公図と実際の敷地形状が異なるところもあり
敷地境界も一般的には境界杭ですが、
この角の玉石とあの玉石といった具合です。

この家を再生、
つまり以前の面影や構造を残しながら
現代の新築並みの性能にするのが住まい手のご要望です。
再生を行う過程では様々な要素を検討する必要があります。
過去のケースでは​折立の家​や​春明の家​は共に減築をしています。
これは建物があまりに大き過ぎる場合
全体の予算で賄えなくなることと
実際の生活ではそれほど大きな家は必要が無いことによるものです。
又、過去の改装や増築を繰り返してきた、
ある意味その場しのぎの対応を一旦ご破算にする必要があるからです。
もちろん、建物が本来持っているデザインや意匠はできるだけ残す工夫が求められます。
今回の調査、再生計画は緒に就いたばかりですが、
できるだけ木造の古い建物を残していきたいと思っています。
馬籠や古川、高山といった古い建物のある街並みには多くの人が訪れますが新興の住宅地にはいくら立派な建物が建っていても人が行くことはありませんし、いくらお金を出しても古さを買うことはできません。
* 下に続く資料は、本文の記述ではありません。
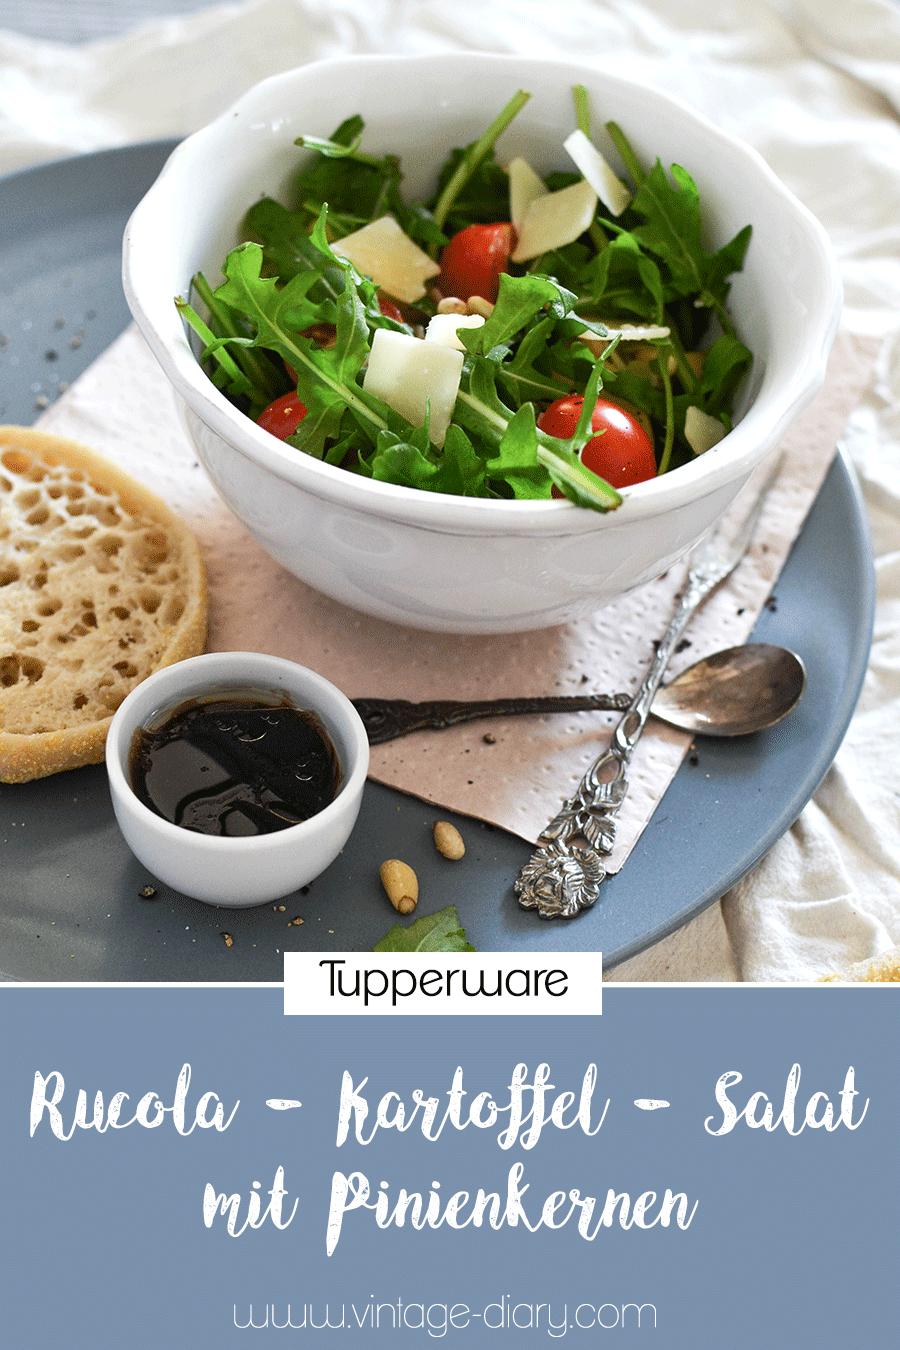 Rucola - Kartoffel - Salat mit Pinienkernen

昨年の夏、我が家にオランダから来ていた留学生が、古いものにこそ価値があり、伝統的なものや長く大事にされてきたものでなければあまり興味はないと言っていました。
紙太材木店も、長く大事にされる家を造っていきたいですし、
長く大事にされてきた建物を次の世代に引き継ぐ手伝いもしていきたいと思っています。
90年前、紙太材木店が祖父の代の時に建てた家の再生に携わることができるのはこの上ない喜びです。